FT: AI gains in public sector risk being cancelled out by public’s own AI
TL;DR:
- An FT analysis by Sarah O’Connor and John Burn-Murdoch argues that UK government AI productivity gains may be cancelled out by the public’s own use of AI when interacting with authorities — a “tug of war” rather than a one-sided efficiency win.
- The piece flags a UK government estimate of AI-related productivity savings being revised down by roughly half, from £45bn per year to £23.6bn, and draws on the Ada Lovelace Institute’s recent briefing on UK public-sector AI evidence gaps.
- Concrete examples include a UK planning tool called Extract that cut single-submission processing time from over an hour to three minutes, now being met by AI tools like Objector AI that generate planning-permission objection letters, lobbying videos and committee speeches at scale.
This is one of the more interesting reframings of UK public-sector AI productivity to date because it treats AI deployment as a two-sided market rather than a one-way efficiency lever. The FT writers are explicit that they remain optimists on AI in government — but the tug-of-war metaphor, with case-study evidence across planning, freedom of information and primary care, captures something the standard “AI will save £Xbn” narrative misses.
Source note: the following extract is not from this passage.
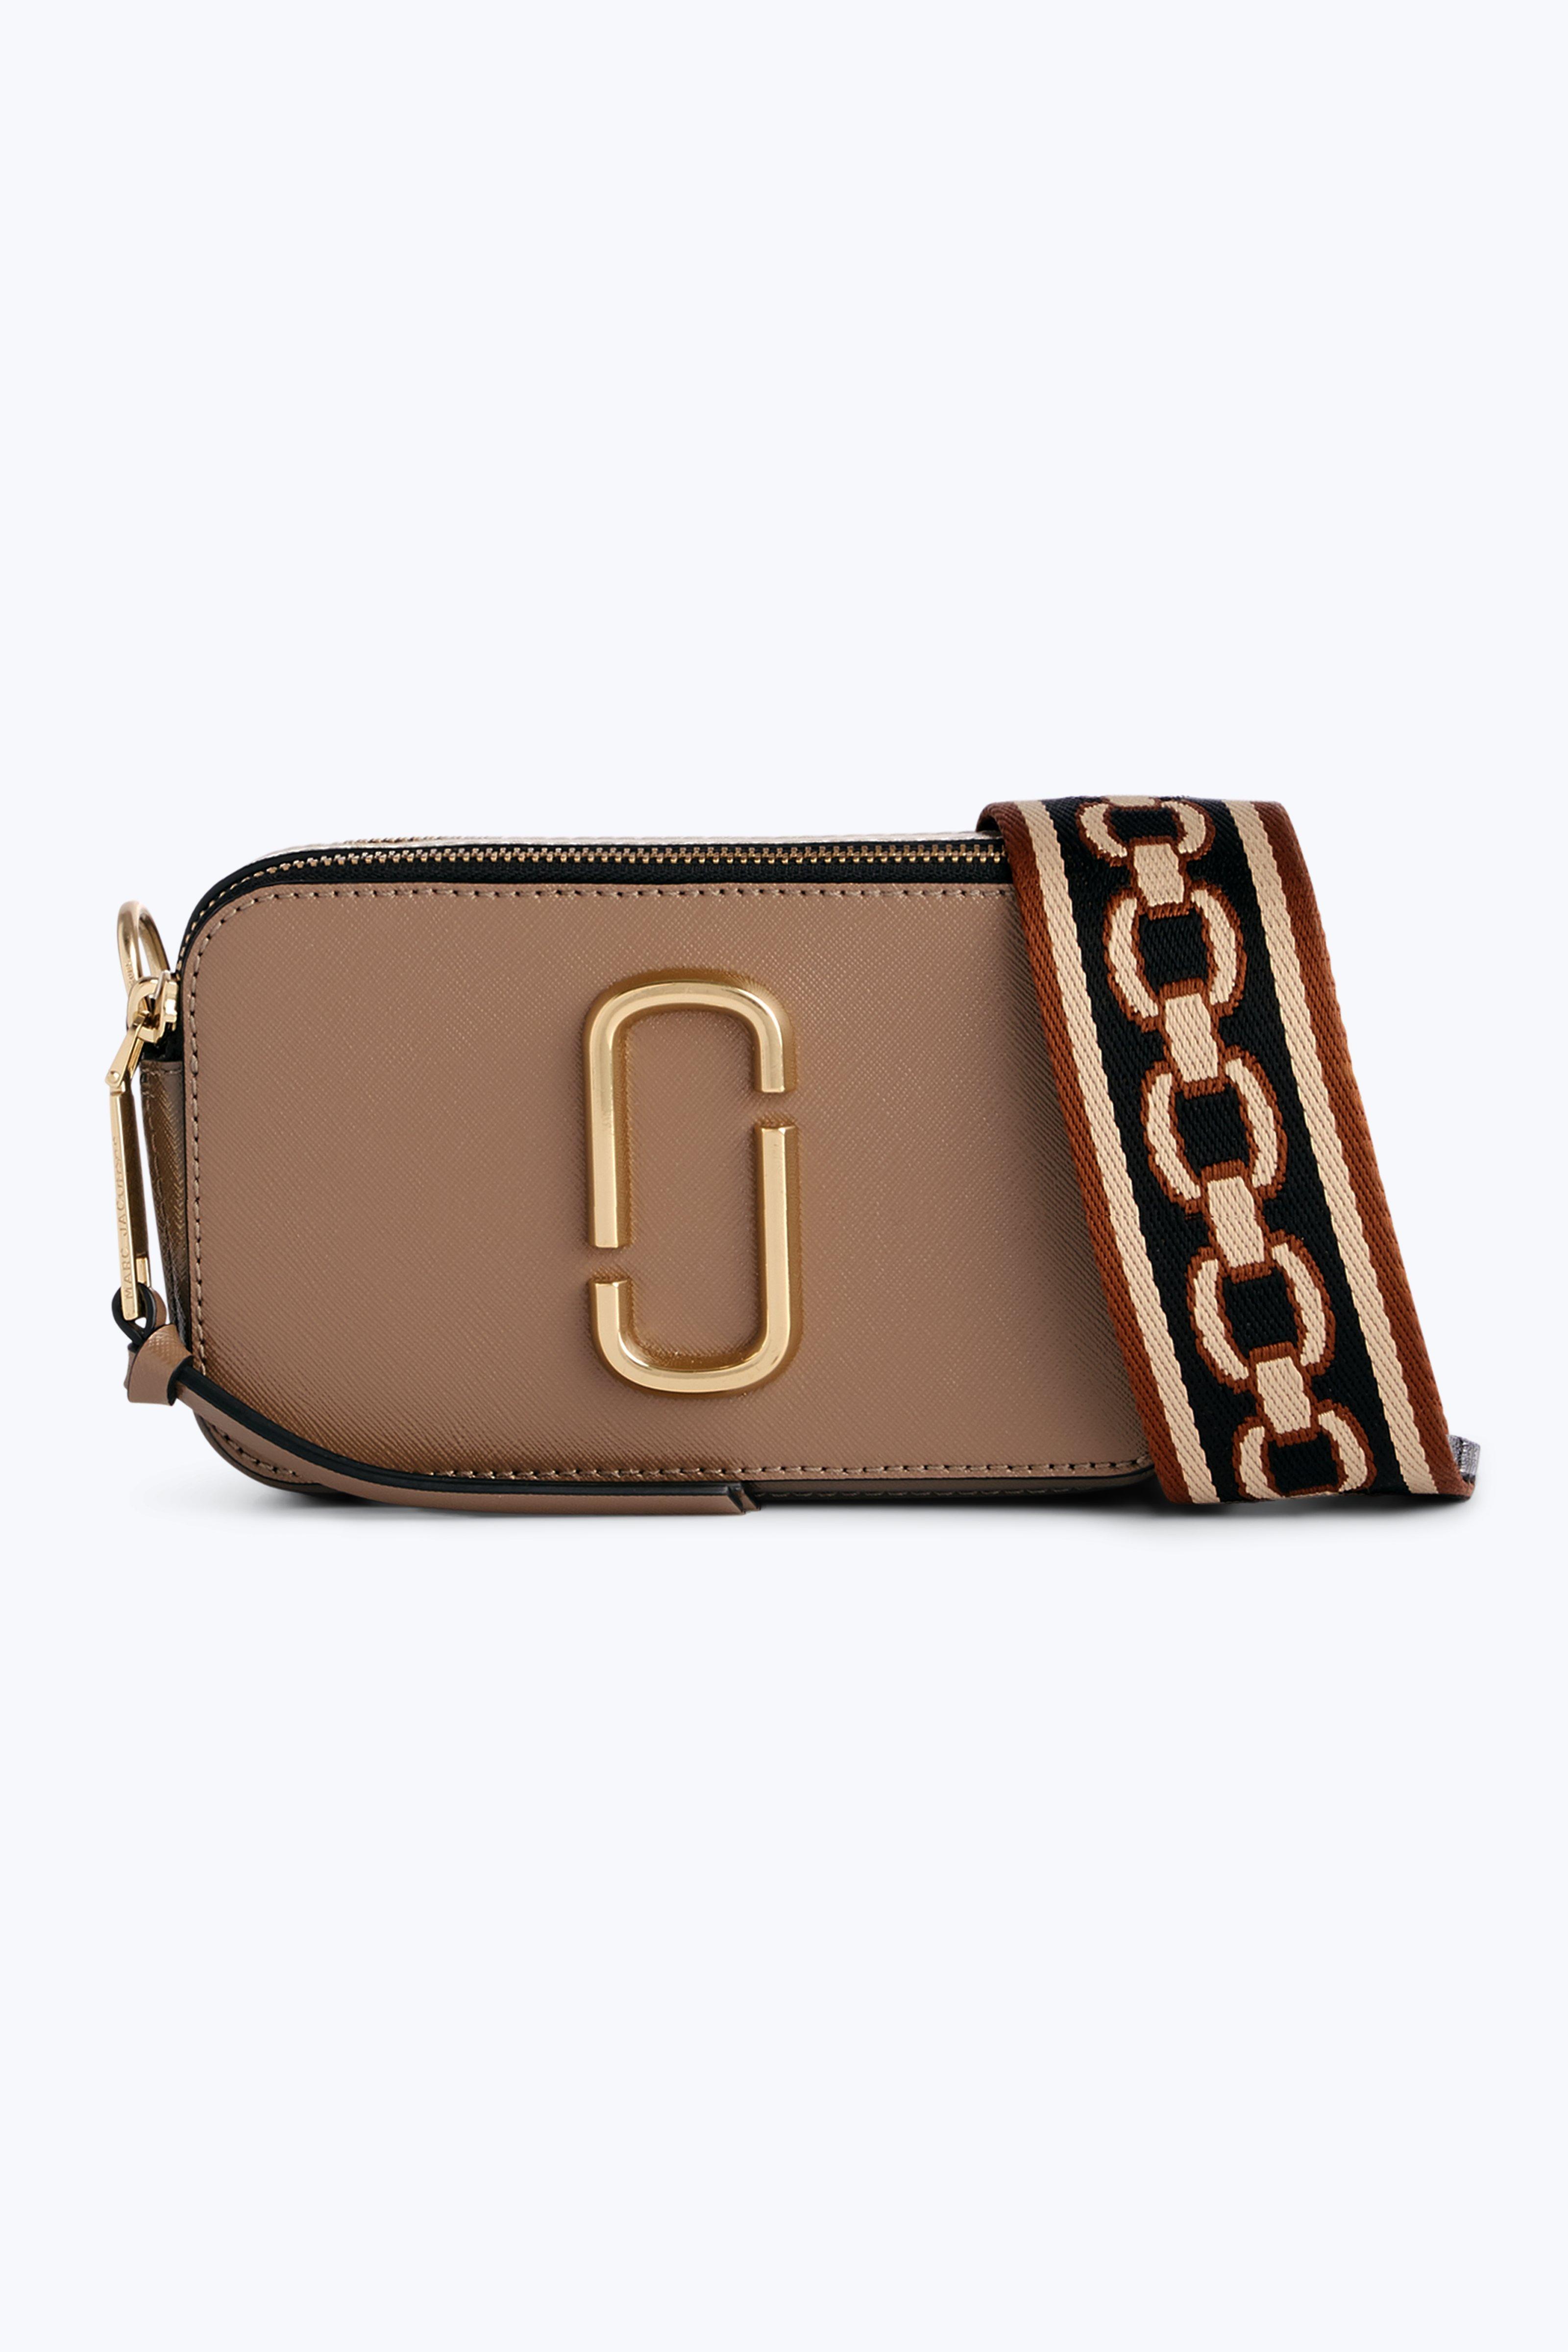 9077fd397973 Marc Jacobs Snapshot Colour-Block Leather Shoulder Bag In Grey ...

Three concrete tug-of-war cases
The planning system case is the cleanest. Government launched Extract, an AI tool that digitises paper planning documents and accelerates single-submission processing twentyfold. A British couple, frustrated with how hard it was to object to a development, built Objector AI — which generates objection letters, lobbying videos and committee speeches. A similar service has reportedly been used for thousands of UK planning objections. The government’s response this month was to roll out a custom Google-built AI tool to counter the AI-assisted objection flood. If AI-powered planning officers process submissions 20 times faster while AI-powered objectors submit 20 times as many objections, the planning system’s net throughput may be roughly flat.
The Freedom of Information example points the same direction. Submission volumes have grown enough that officials are considering tightening eligibility criteria to limit which requests are permissible. The FT framing is sharper than government typically allows: “AI not only making government less efficient, but potentially resulting in the public losing access to valuable information.” The GP-appointment example is the most consequential for individuals — AI-assisted booking systems are frustrating enough that some patients give up and go to A&E instead, “scarcely a less efficient use of the healthcare system”.
Looking forward
The Ada Lovelace Institute’s briefing this week argued UK policymakers need a “more robust and rigorous approach” to AI productivity claims, with service quality and equity measured alongside time-and-cost savings (see [our Ada Lovelace coverage]). The FT tug-of-war thesis is the complementary point: even rigorous measurement may understate the dynamic effects of AI being deployed simultaneously on both sides of the citizen-state relationship. For UK central and local government, the practical implication is that AI productivity business cases need a counter-AI demand assumption. For UK SMEs in govtech, the second-order opportunity is real — Objector AI is a startup, and so are the planning-counter-AI vendors.